Вокруг две дюжины мальчишек тащат по каменному полу корзины с провизией, точат ножи для резки овощей, пересчитывают яйца, делают пометки в списках, ощипывают птицу. Дела в доме идут своим чередом без его участия. Здесь кровяные пудинги томятся на плите, чистится рыба; а через двор востроглазые писари сидят на табуретах, готовые строчить письма. Здесь жаровни и латунные кастрюли; там перочинные ножички, воск для печатей, ленты и шелковые шнурки, чернильные слова, что ползут по пергаменту, гусиные перья. Он вспоминает тот день во Флоренции, когда наверх позвали его. «Эй, англичанин, тебя зовут в контору». И как он неспешно снял фартук, повесил на гвоздь и навсегда оставил позади медные сковороды и тазы, ряды кувшинов для масла и вина в нише, каждый высотой с семилетнего мальчишку. Он прыгал через две ступеньки, а когда пересекал sala[8], слышал, как капли из фонтана в стене падали в мраморную чашу, тихий неритмичный барабанный бой: кап-кап… кап… кап-кап-кап. Мальчишка, которые скреб ступени, посторонился, давая ему дорогу. Он пел: «Скарамелла идет на войну…»
Он говорит Терстону:
– У нас ужинает Шапюи, только мы двое.
– А то как же. – Терстон просеивает муку, поднимая белые клубы. – Кто-то мне сказал, этот испанец, что вечно толчется в вашем доме, и твой хозяин сгубили королеву, потому что она мешала их дружбе.
– Шапюи не испанец, а савояр, не притворяйся, будто не знаешь.
Терстон одаривает его взглядом, в котором читается: не хватало еще различать чужеземцев между собой, это унизительно и бессмысленно.
– Я знаю, что император – король Испании и господин половины мира. Неудивительно, что вы хотите забраться к нему в постель.
– А что делать, – говорит он. – Прижму его к груди.
– Когда к нам снова пожалует король? – спрашивает Терстон. – Хотя откуда у короля взяться аппетиту? Кто стерпит, когда твои яйца открыто обсуждают при дворе?
– Откуда мне знать? Со мной такого не случалось.
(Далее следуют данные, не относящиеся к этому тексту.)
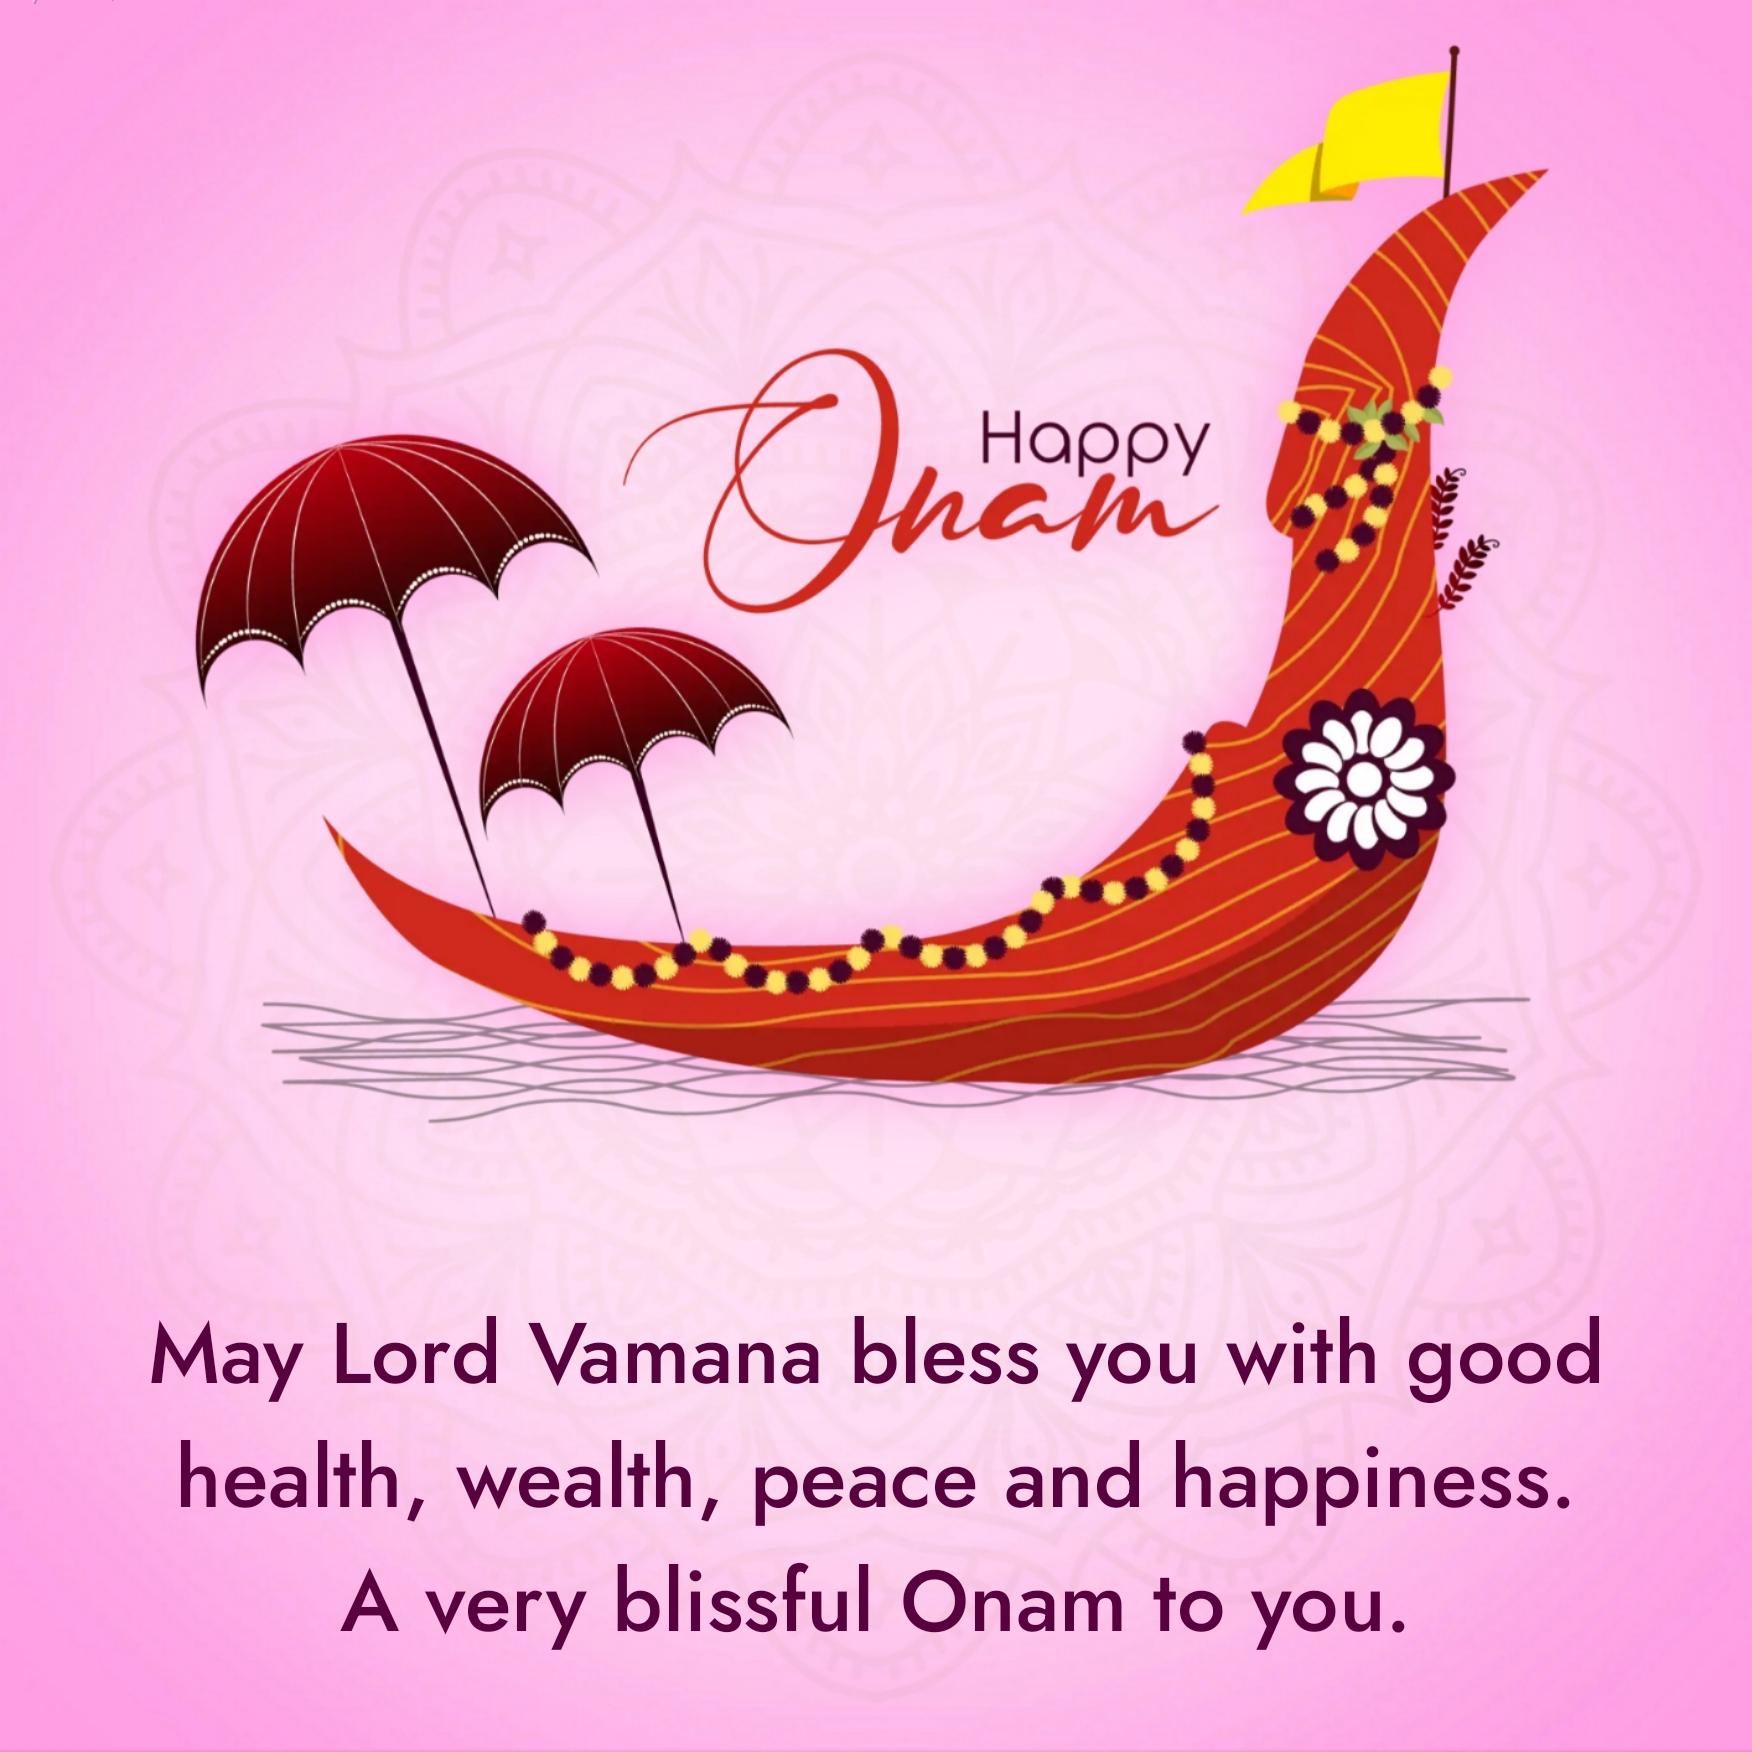 May Lord Vamana bless you with good health wealth peace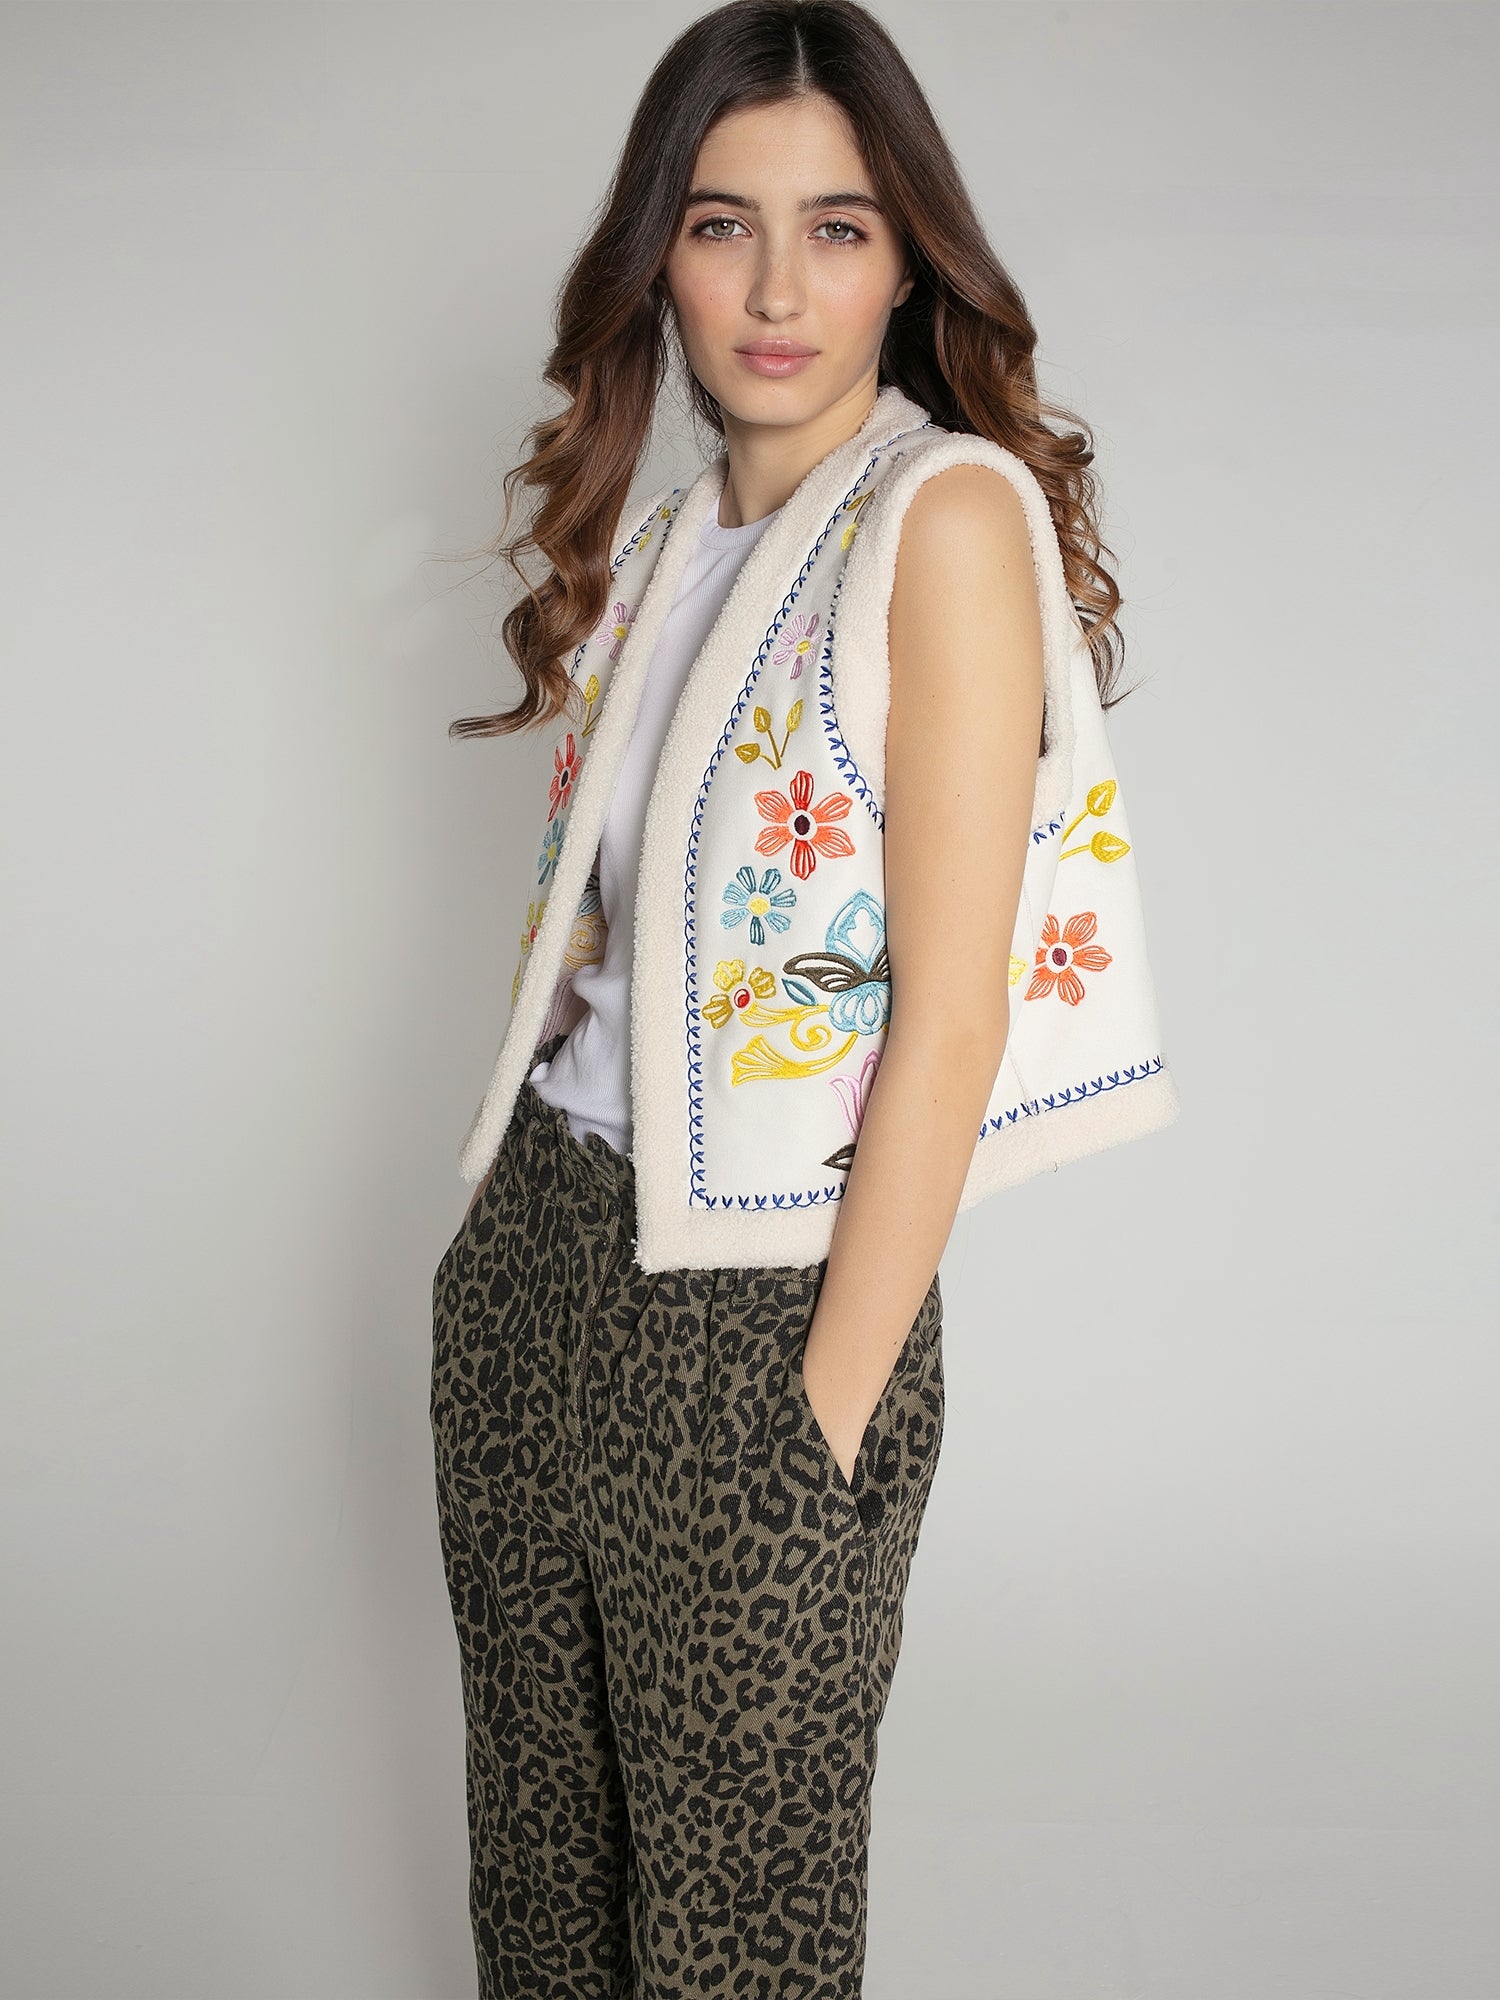 Cassidy embroidered Gilet

– Весь Лондон слышал. – Терстону явно по душе тема разговора. – Конечно, что именно сказал Джордж, мы не знаем, он говорил по-французски, но мы думаем что-то вроде: у короля встает и он заправляет куда надо, но ненадолго, поэтому дама не получает удовольствия.
– Вот видишь, надо было учить французский.
– Суть я уловил. – Терстона не сбить с толку. – Если ты не ублажишь даму, она не понесет, а если понесет, то ребеночек не доживет до крещения. Вспомните королеву-испанку. В молодости она рожала дюжинами. И ни один не выжил, кроме малышки Марии, которая размером с мышь.
У его ног блестящие угри извиваются в корыте, сплетаясь друг с другом, словно ждут, что их забьют и замаринуют.
Он спрашивает Терстона:
– Что говорят на улицах? Про Анну?
Терстон хмурится:
– Никто ее не любил, даже женщины. Говорят, если она занималась этим с братцем, ясно, почему никто из ее детей не задержался в утробе. Ребенок от брата, или зачатый в пятницу, или когда суешь бабе сзади – все это против природы. Они сами вываливаются, бедные грешные создания. А ради чего им рождаться? Чтобы тут же отдать концы?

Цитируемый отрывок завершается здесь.